• About this task:
Give the data below again exactly as it stands. Omit the pictures.

• Recorded data:
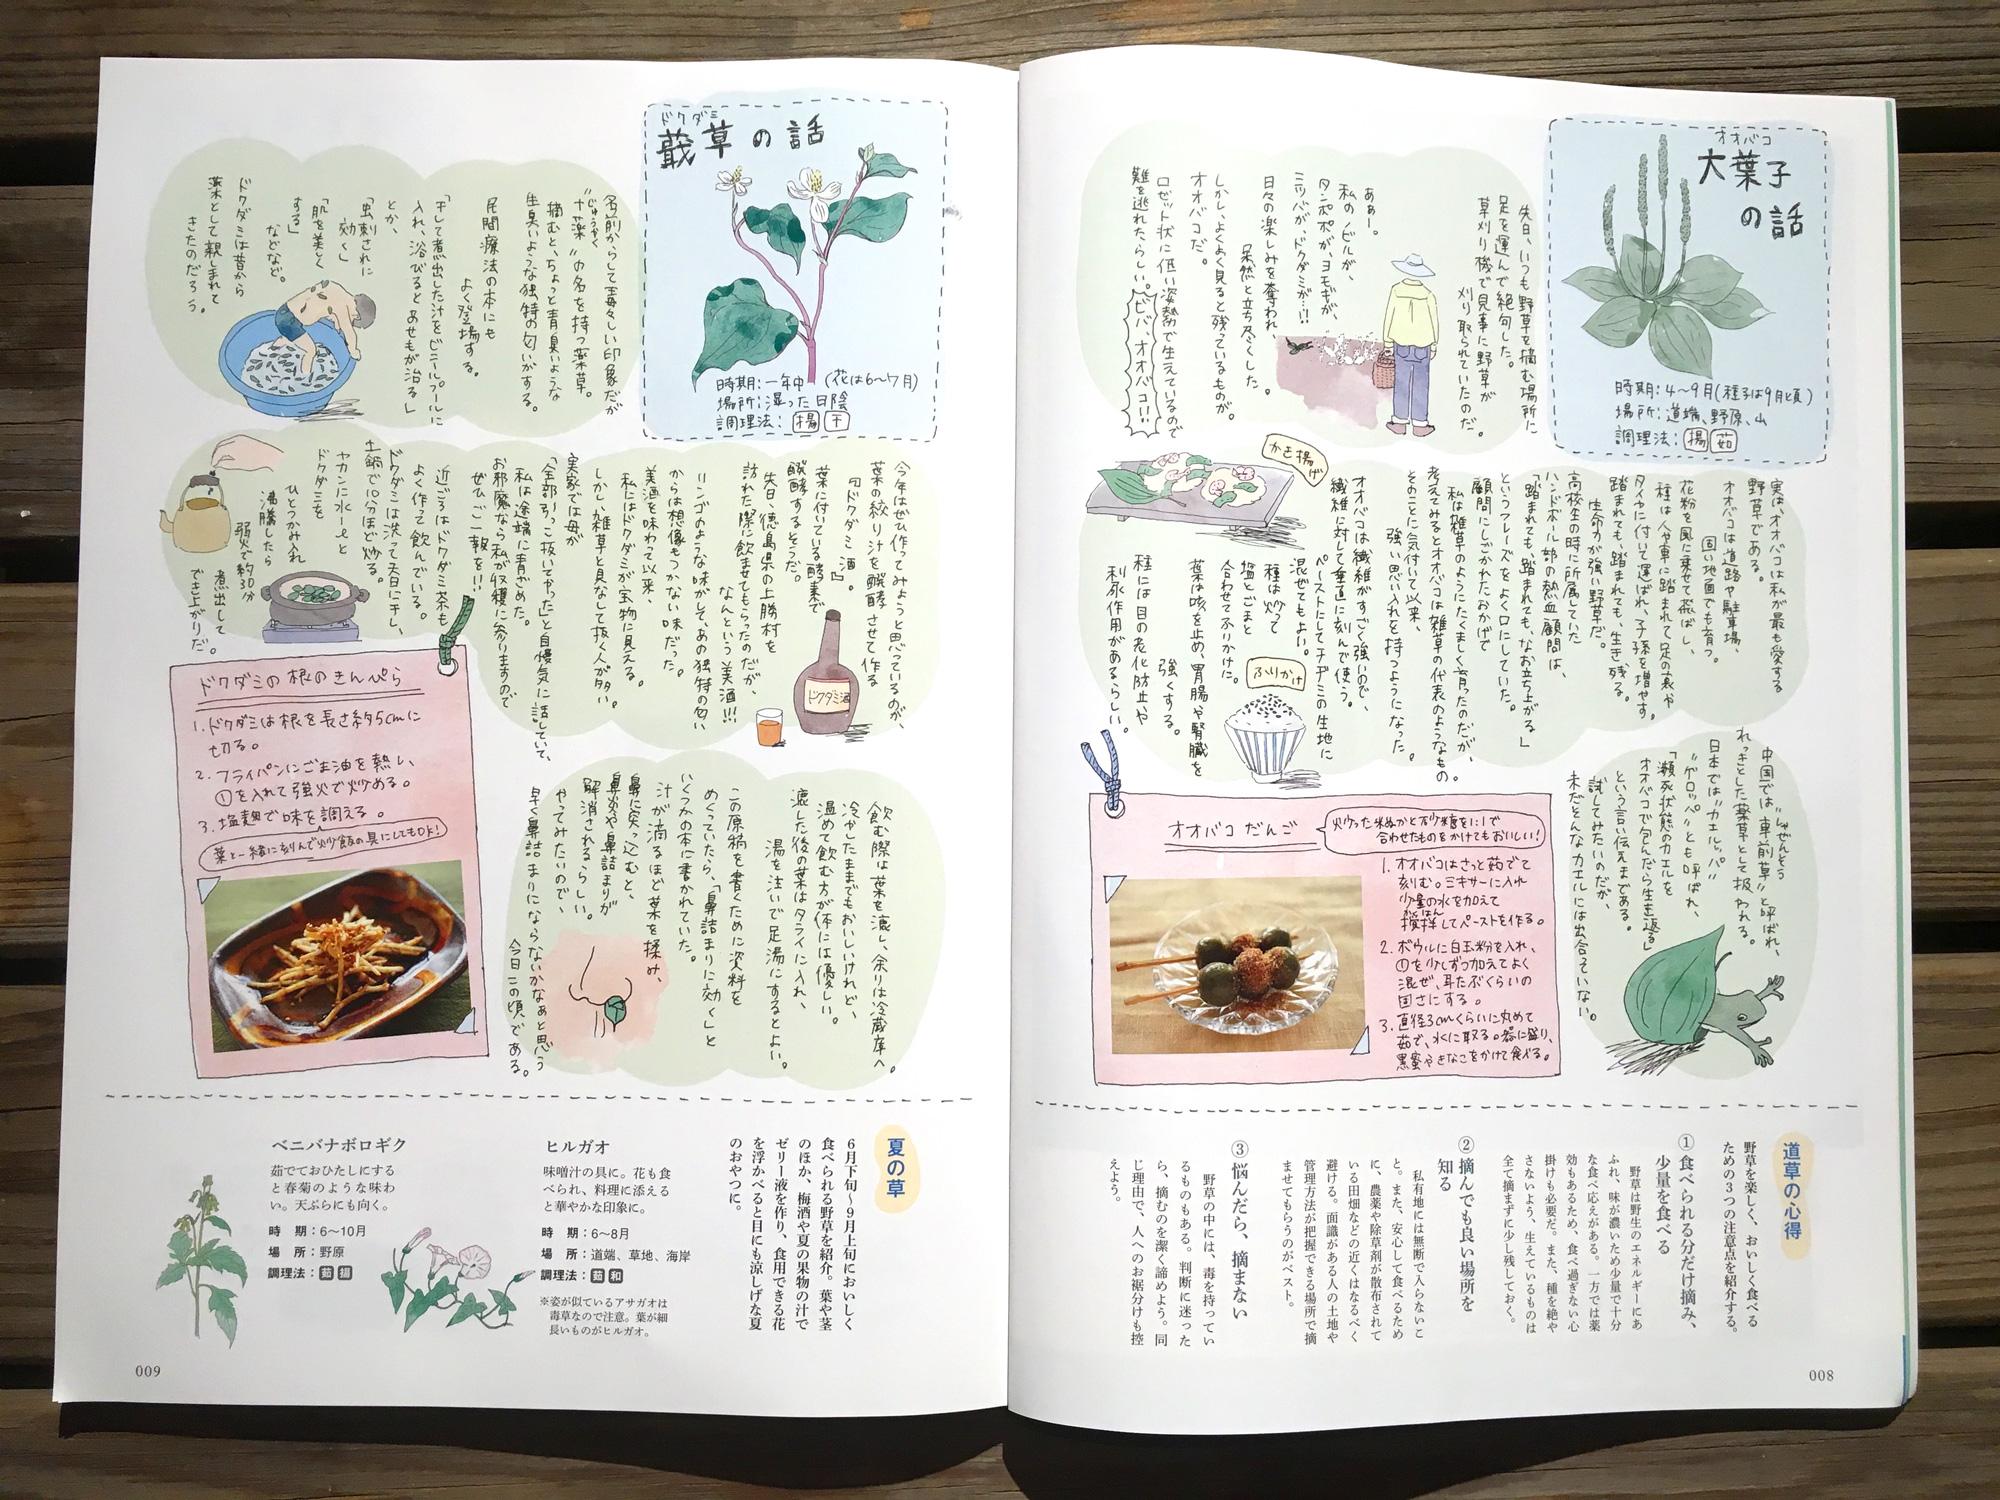 熊本が拠点の雑誌『九州の食卓』では、ページのデザインやイラストを手掛ける。
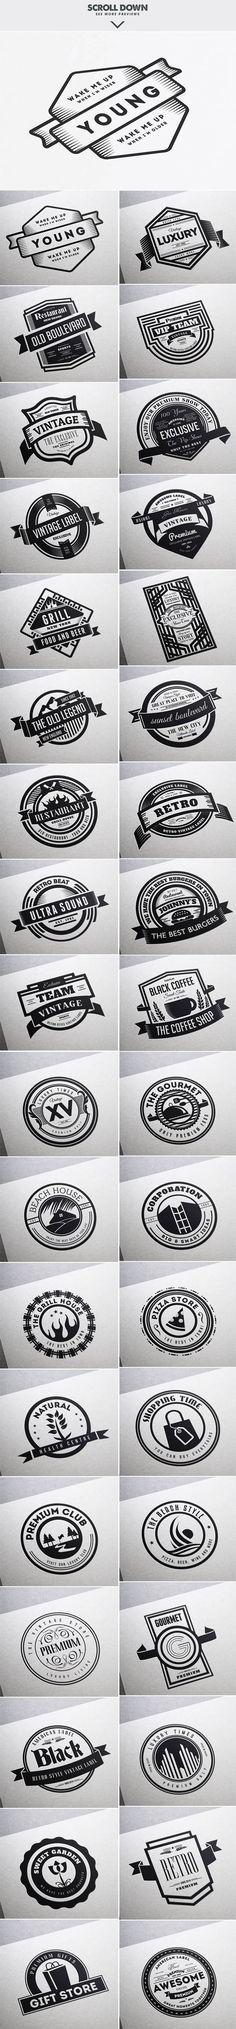 MEGA BUNDLE 1100 Logos & Badges - 19
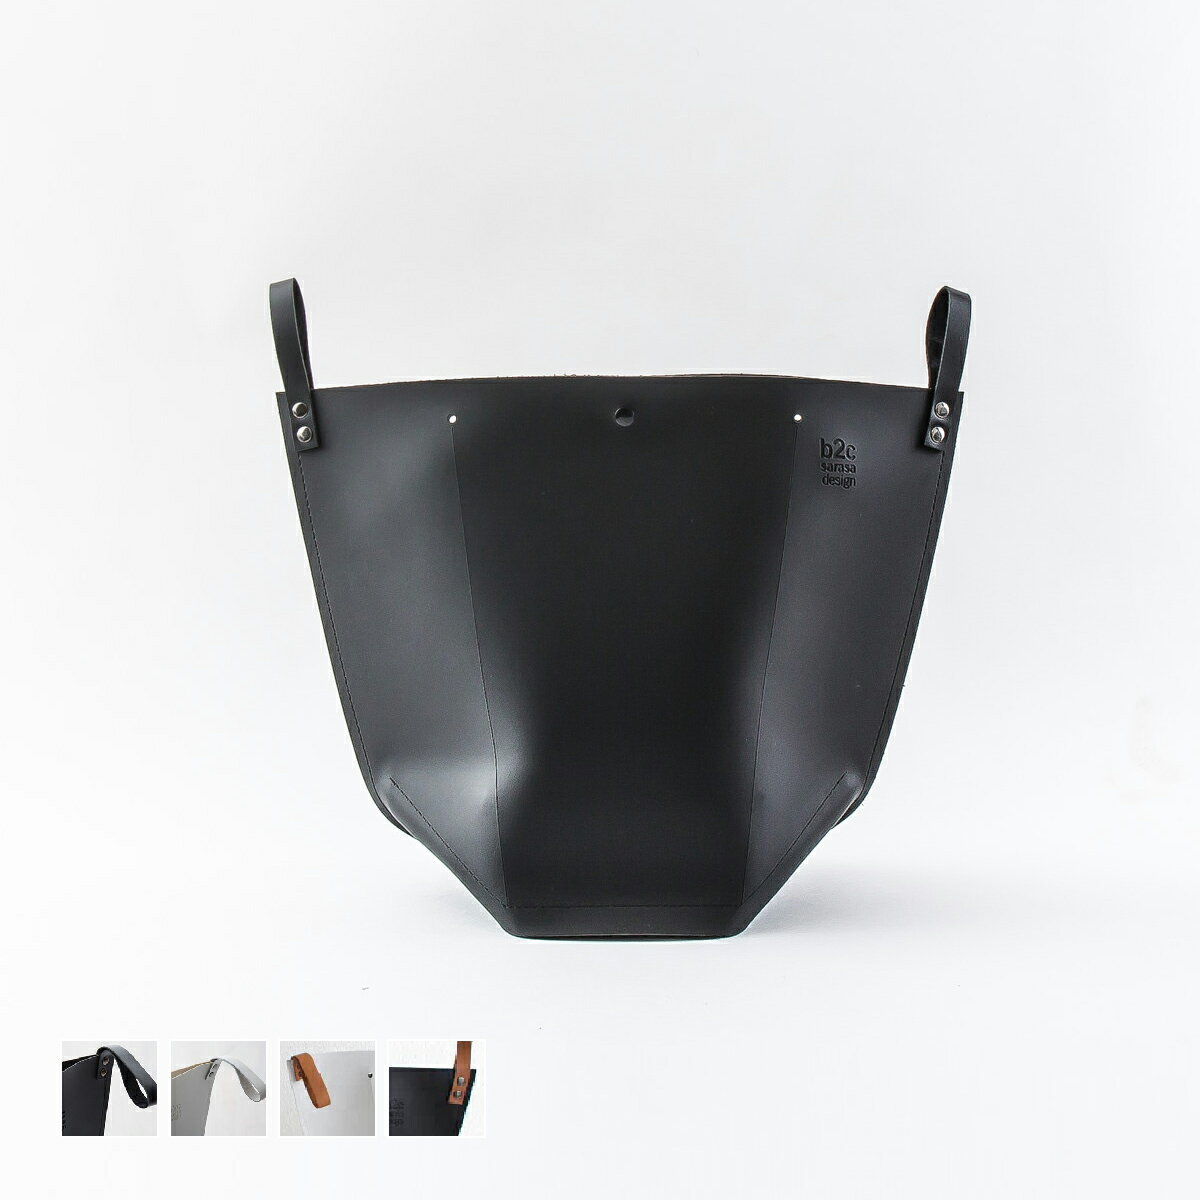 RoomClip商品情報 - ランドリーバスケット 折りたたみ [b2c ランドリーバッグ-mini] スリム サラサデザインストア sarasa design store
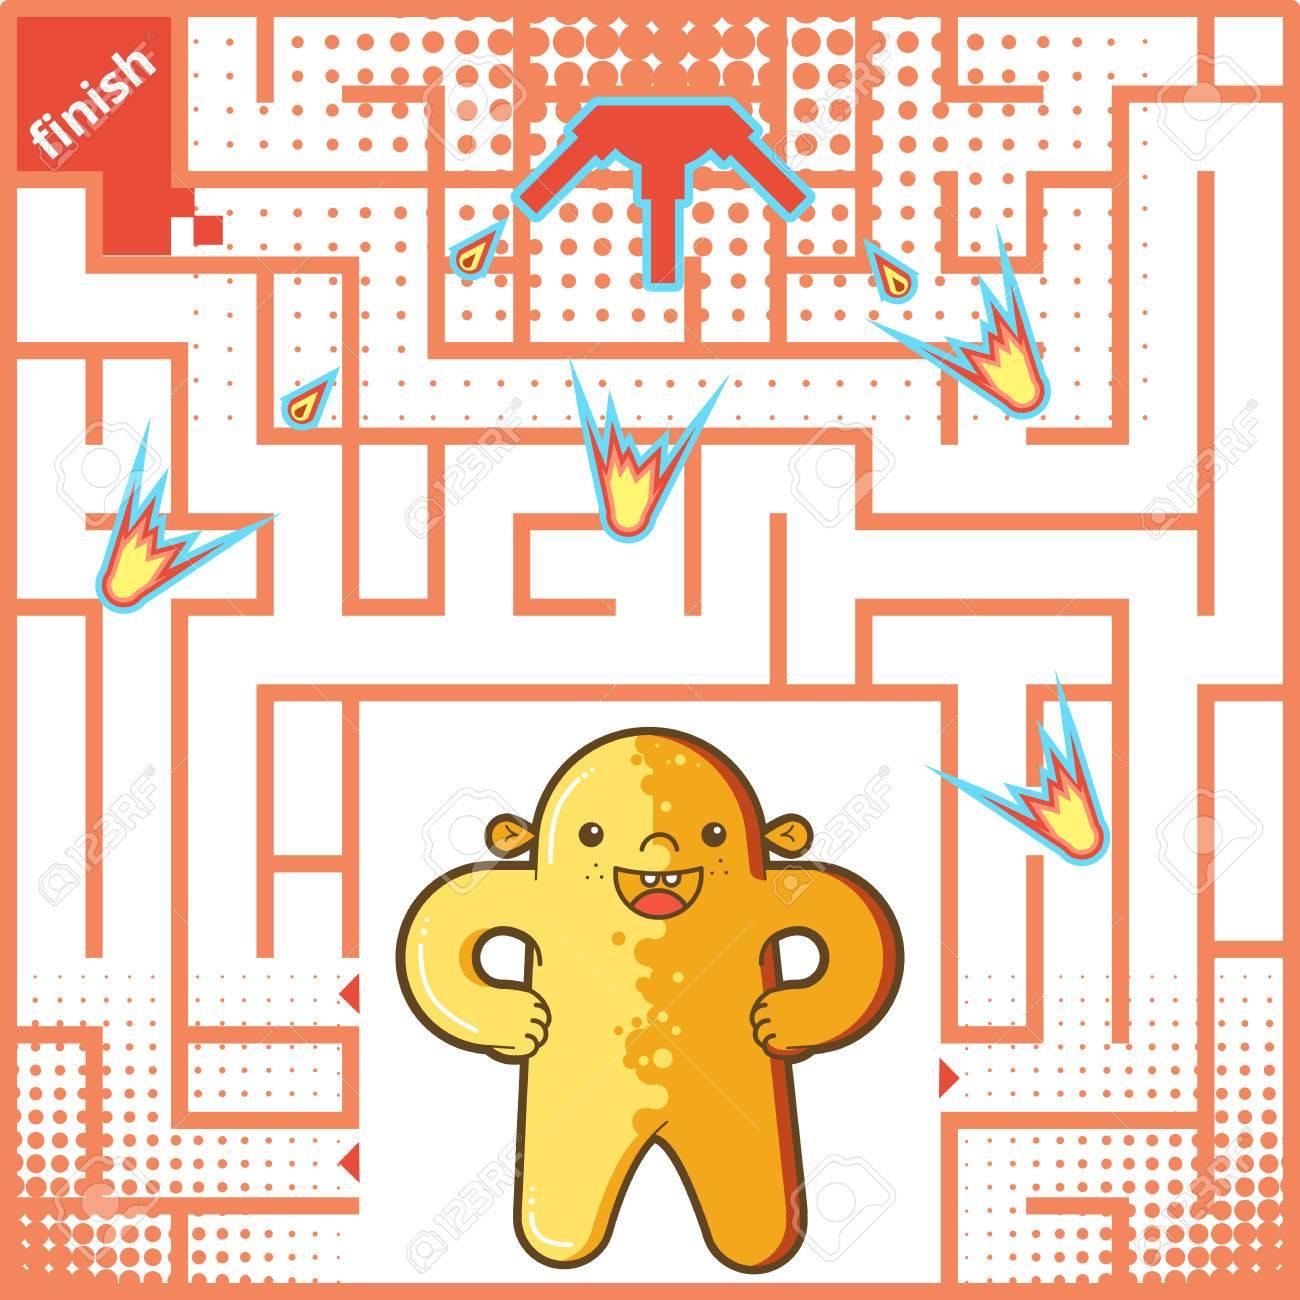 子供のための面白い迷路ゲーム迷路や幼児用迷路ゲーム迷路パズル

• Solution for this task:
 熊本が拠点の雑誌『九州の食卓』では、ページのデザインやイラストを手掛ける。
 MEGA BUNDLE 1100 Logos & Badges - 19
 RoomClip商品情報 - ランドリーバスケット 折りたたみ [b2c ランドリーバッグ-mini] スリム サラサデザインストア sarasa design store
 子供のための面白い迷路ゲーム迷路や幼児用迷路ゲーム迷路パズル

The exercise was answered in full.